I didn’t sleep well yesterday. Actually I barely slept. It’s been a very long time since I had a night like that. I don’t do well with lack of sleep, most MS patients don’t. For me personally, lack of sleep can create a very bad day. Luckily, I’m home today. I’ll be cooking in the morning. This afternoon my air conditioner/heater in my bedroom is being fixed. I end today with my MS fitness trainer in my pool.

I have to say, my fatigue, which use to be my most difficult symptom, has really not caused me too many problems lately. It finally occurred to me why. I plan my activities and days much differently now. I know which of my daily activities are going to cause me to fatigue and I plan my day accordingly. I also have to say, having an aid has been a huge difference. I still fatigue, but the difference is I’m able to sit down and not move through most of my fatigue episodes so they pass. A luxury I certainly didn’t have a year ago. I didn’t have it two years ago when I was working either. That’s where the biggest difference for me managing the fatigue has been.

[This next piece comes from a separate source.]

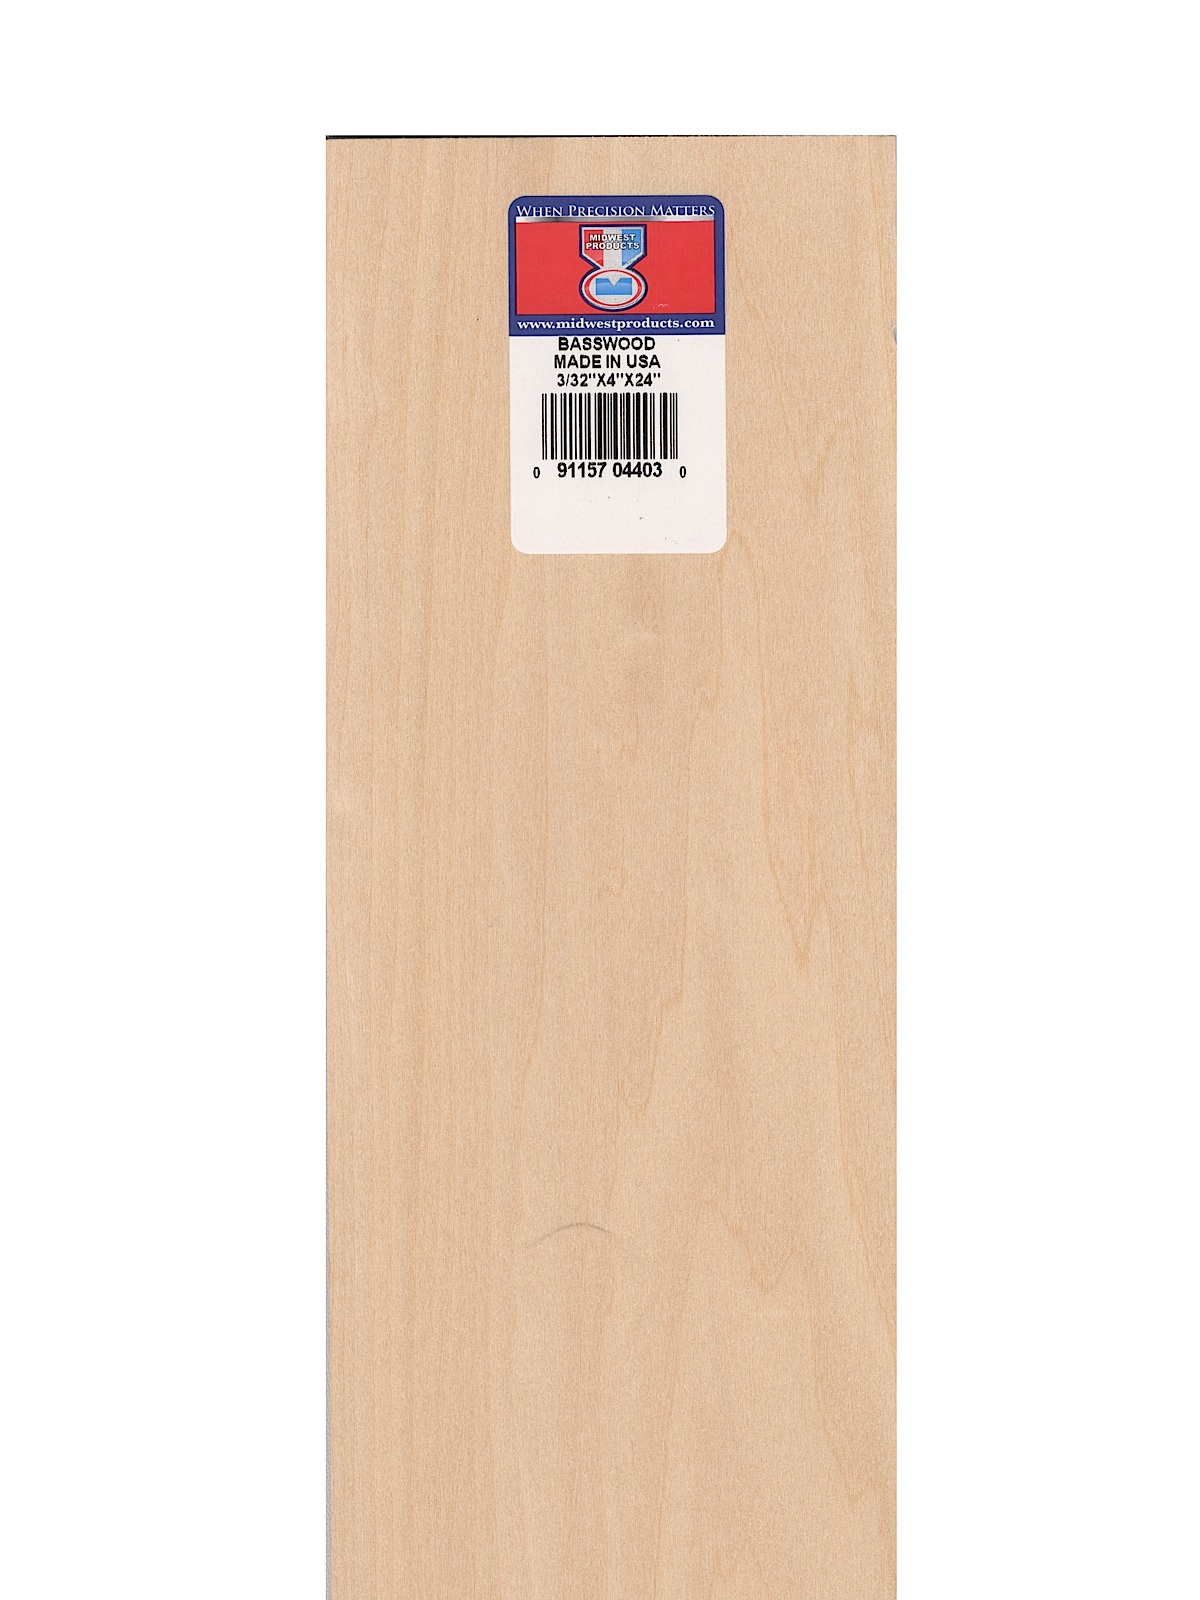 Basswood Sheets 3 32 In. 4 In. X 24 In.

Sure there are unexpected days where I just am having a bad day and I fatigue doing very little. There are days that when I’m sitting down I fall asleep. There are days where moving my feet just to get up to go to the bathroom are truly exhausting. I’m certainly not saying the symptoms are gone. I have just learned how to manage it a little better. I have learned to prepare for it better. Like when I’m swimming, even tonight with my fitness coach, I know that after I am done, and showered (exhausting workout and then exhausting shower), I’m done. I can sit down on the couch and not move easily for an hour. I also know I have no plans for the evening so I can truly sit here after I maybe eat and feed my dogs for the rest the night. Thereby, regaining strength. That’s how I manage my fatigue symptoms.

I think it holds true with most MS symptoms. I find that I have to plan most of my days. I’ve also become a creature of habit and I don’t like to deviate from those plans. Spontaneous doesn’t work for me anymore. It’s how I’ve learned to manage my symptoms from fatigue to spasticity. It is also how I manage my medicine and when I am taking it. Some things make me tired or loopy so I need to be home when I take them. This is partly why I’m home so much, it is the plan that works best for me at this current stage. Every person has a different path with MS and has to figure out what works best for them. What works for you?